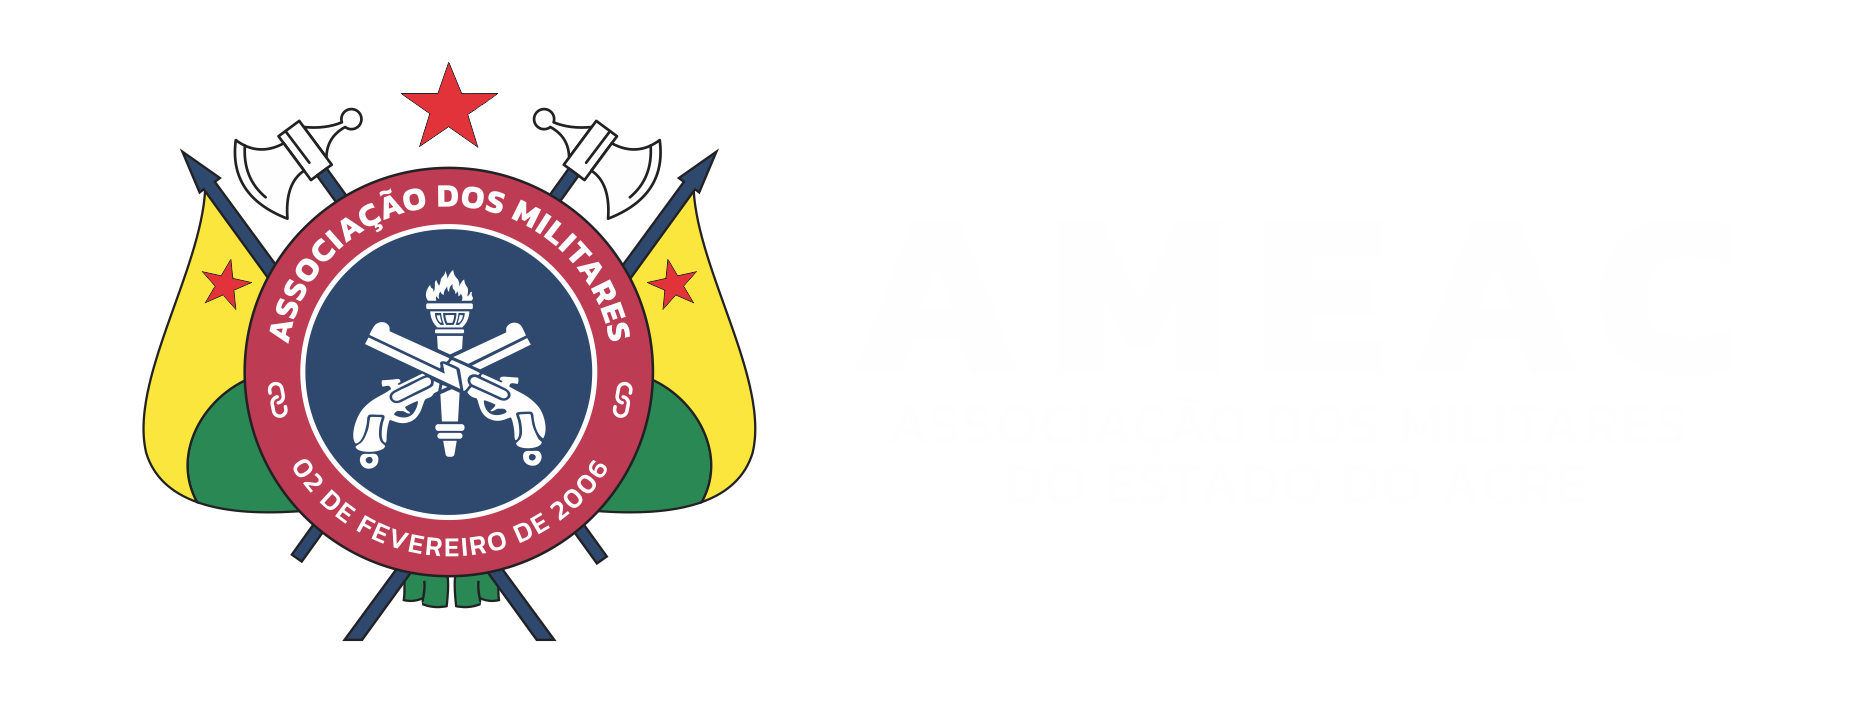 CLUBE DE TIRO E CAÇA DO ACRE – Ameac
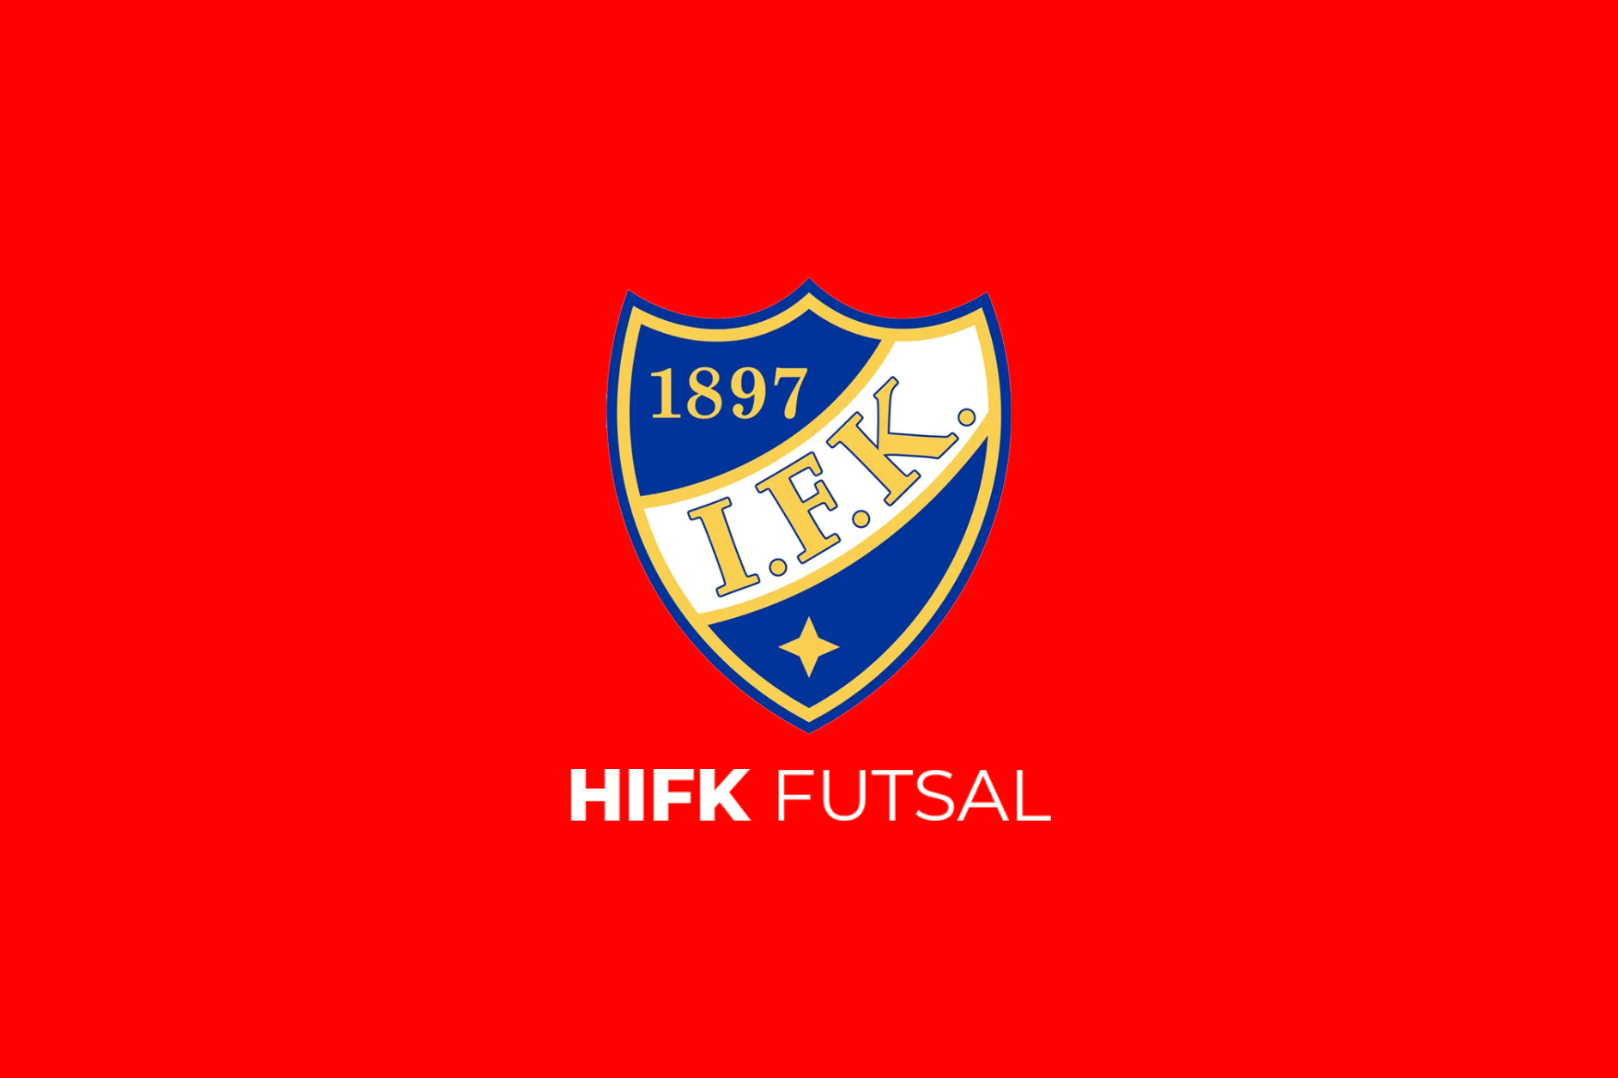 HIFK Futsalin uudet nettisivut avattu
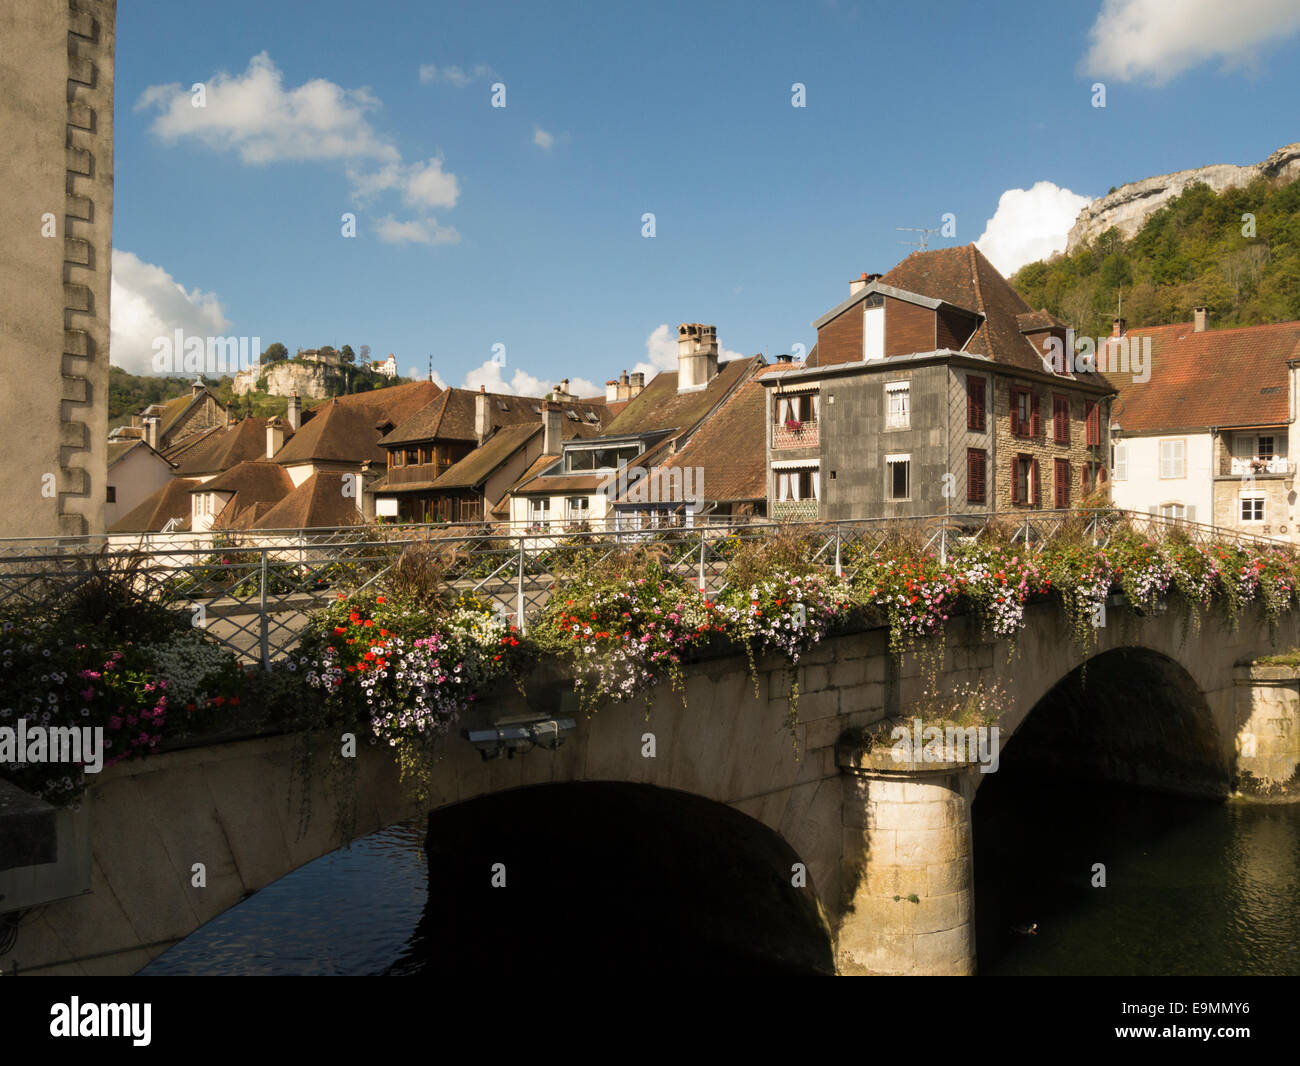 Stein gewölbt Straßenbrücke über den Fluss Loue in attraktiven historischen Dorf Ornans in Daubs Abteilung Frankreich EU Stockfoto
════
TASK INSTRUCTIONS:
The material above is to be output exactly, with each picture left out.

SOLUTION TO THIS PROBLEM:
 CLUBE DE TIRO E CAÇA DO ACRE – Ameac
 HIFK Futsalin uudet nettisivut avattu
 Stein gewölbt Straßenbrücke über den Fluss Loue in attraktiven historischen Dorf Ornans in Daubs Abteilung Frankreich EU Stockfoto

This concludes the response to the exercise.